Your goal — Please transcribe the listing below in full and word for word, without its pictures.

The data —

■ ■ ■ ■

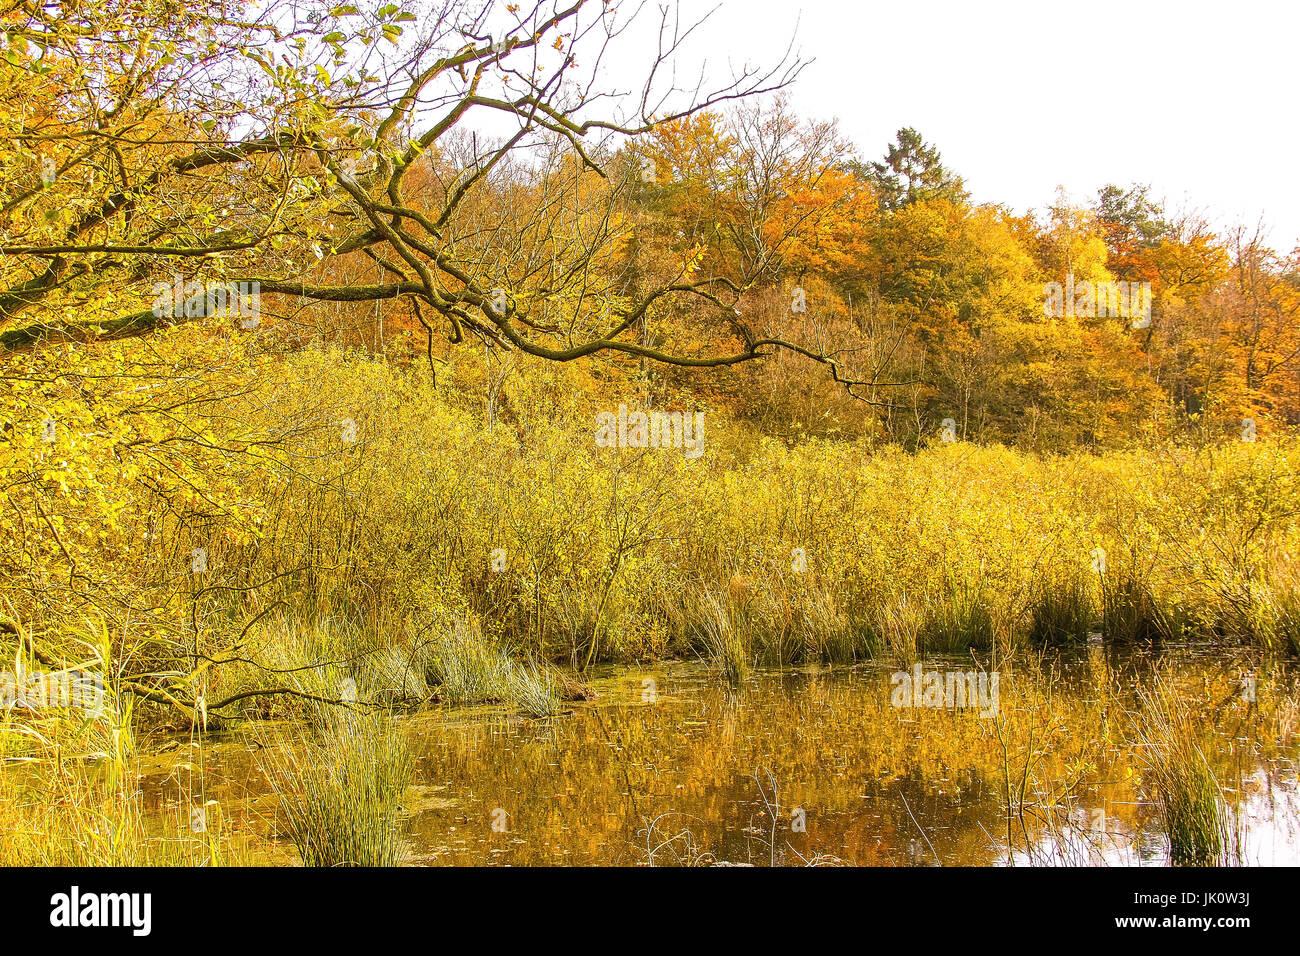 bank area of a forest pond in the midst of a break wood in autumn-coloured, uferbereich eines waldweihers inmitten eines bruchwaldes in herbstfarben Stock Photo
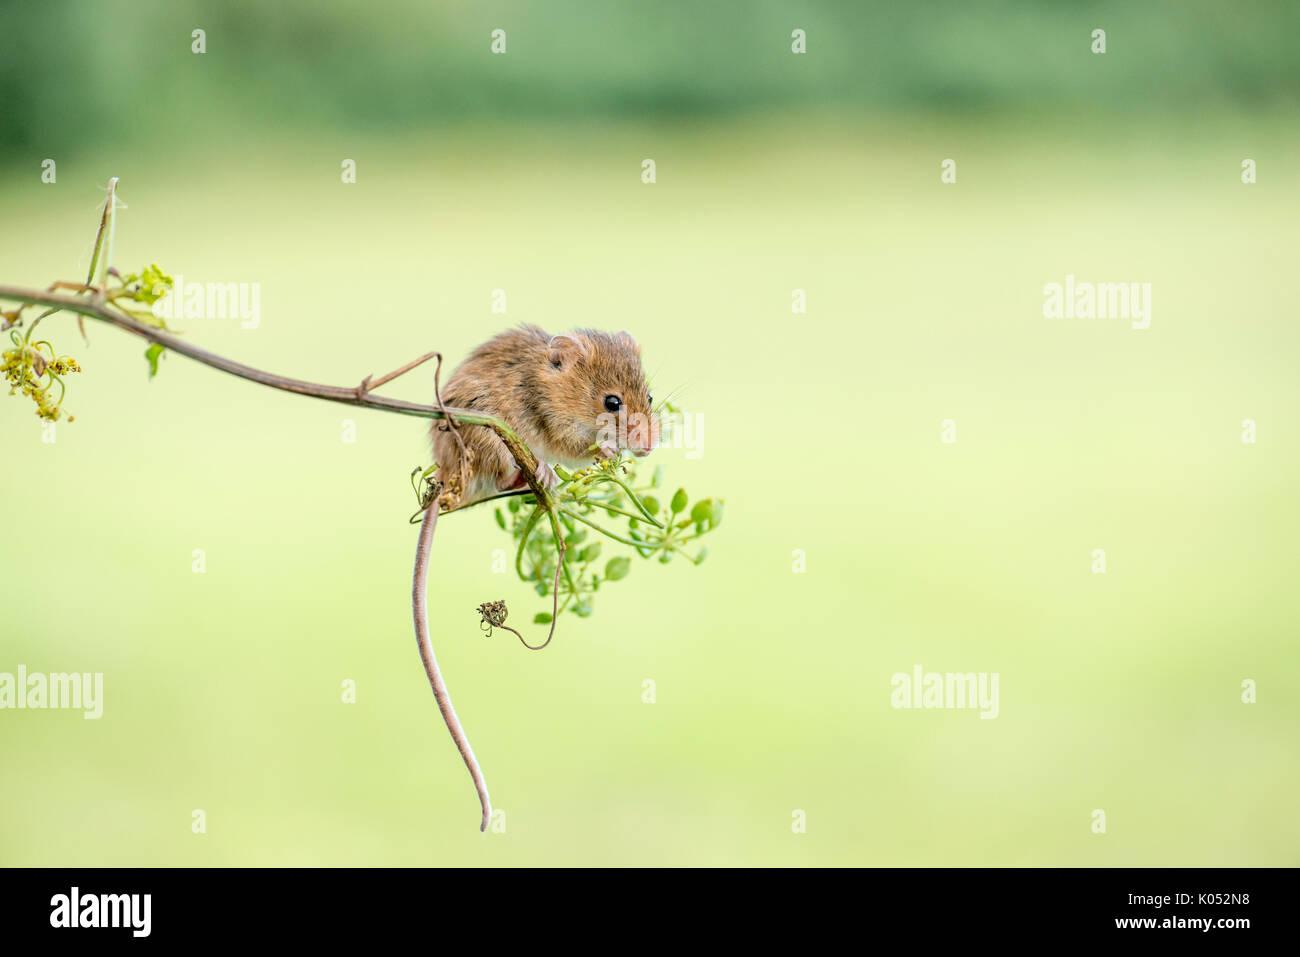 Micromys minutus (souris) la consommation de graines et de fleurs de panais sauvage (Pastinaca sativa) Photo Stock
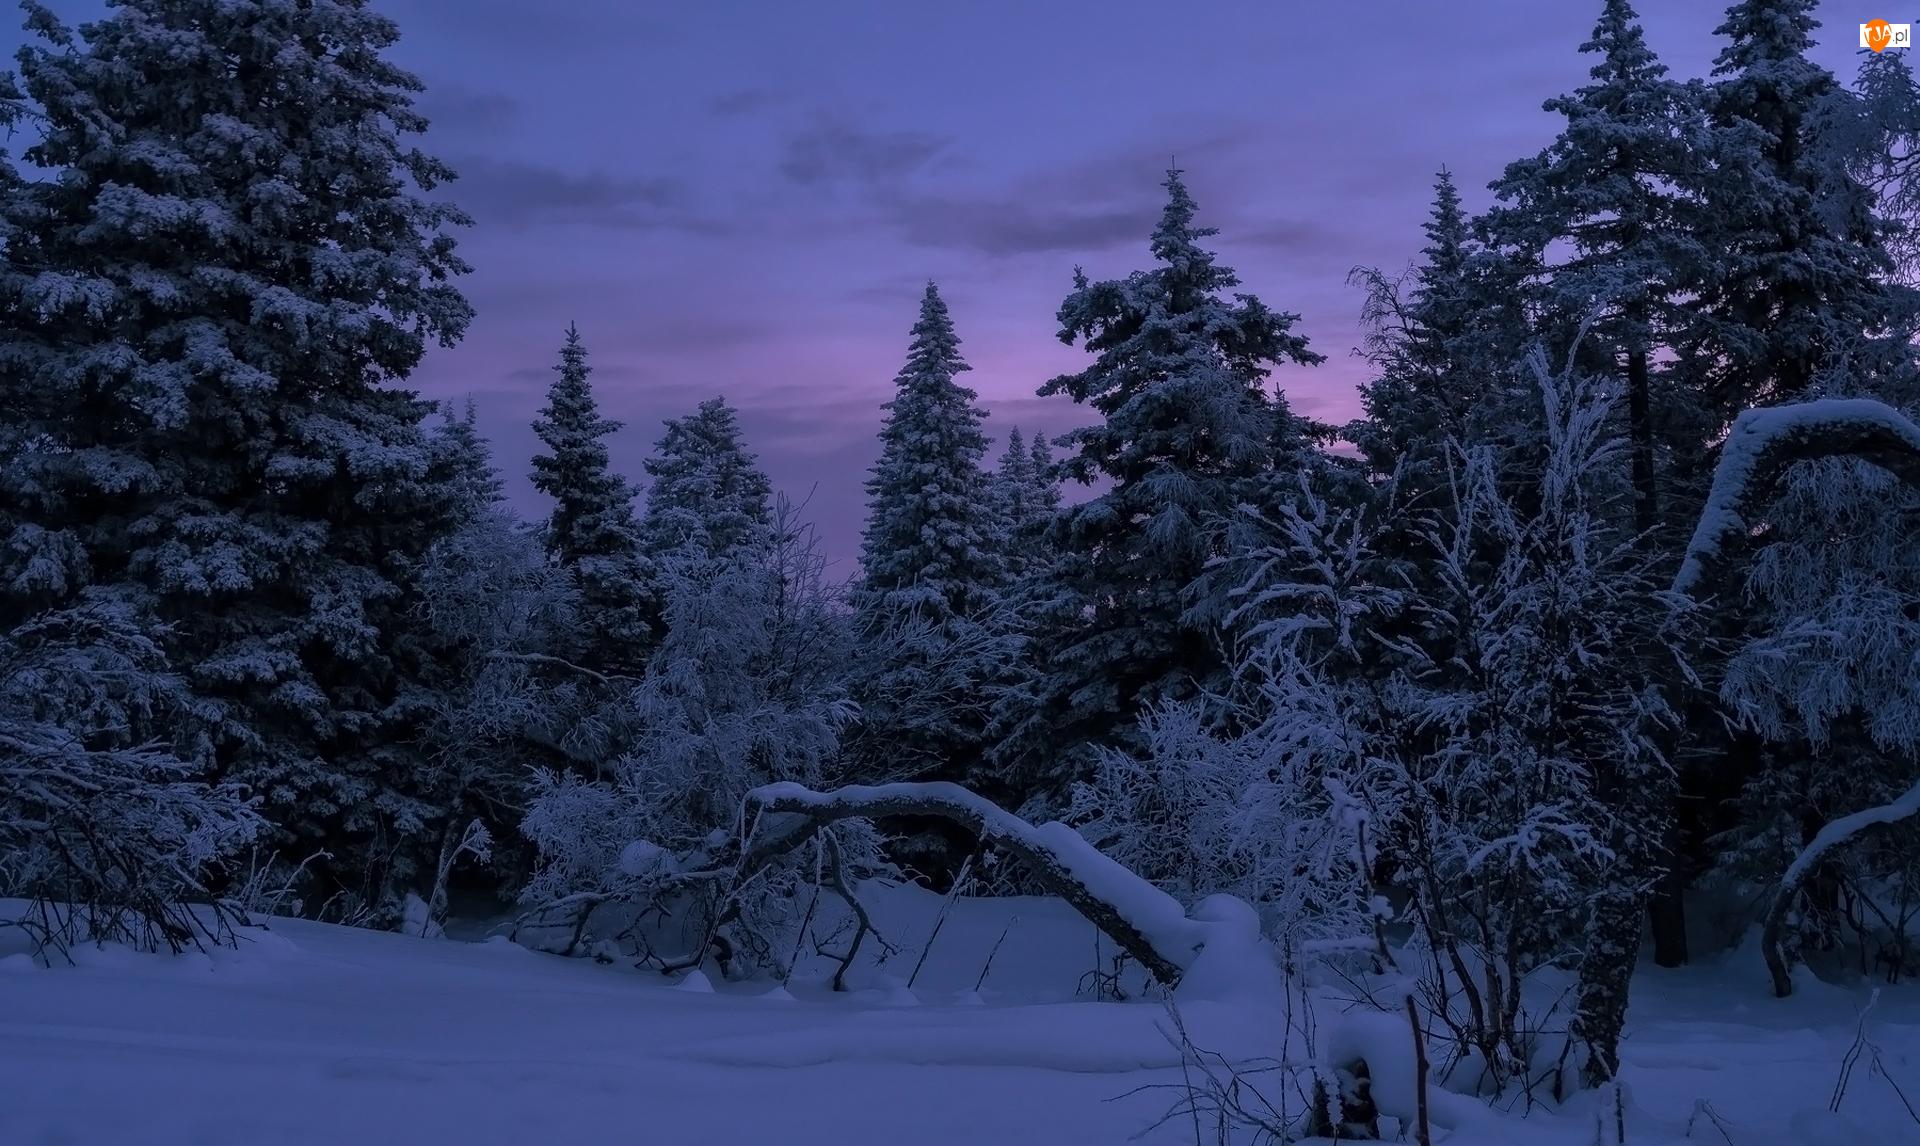 Zmrok, Zima, Drzewa

■ ■ ■ ■

Final answer —
 bank area of a forest pond in the midst of a break wood in autumn-coloured, uferbereich eines waldweihers inmitten eines bruchwaldes in herbstfarben Stock Photo
 Micromys minutus (souris) la consommation de graines et de fleurs de panais sauvage (Pastinaca sativa) Photo Stock
 Zmrok, Zima, Drzewa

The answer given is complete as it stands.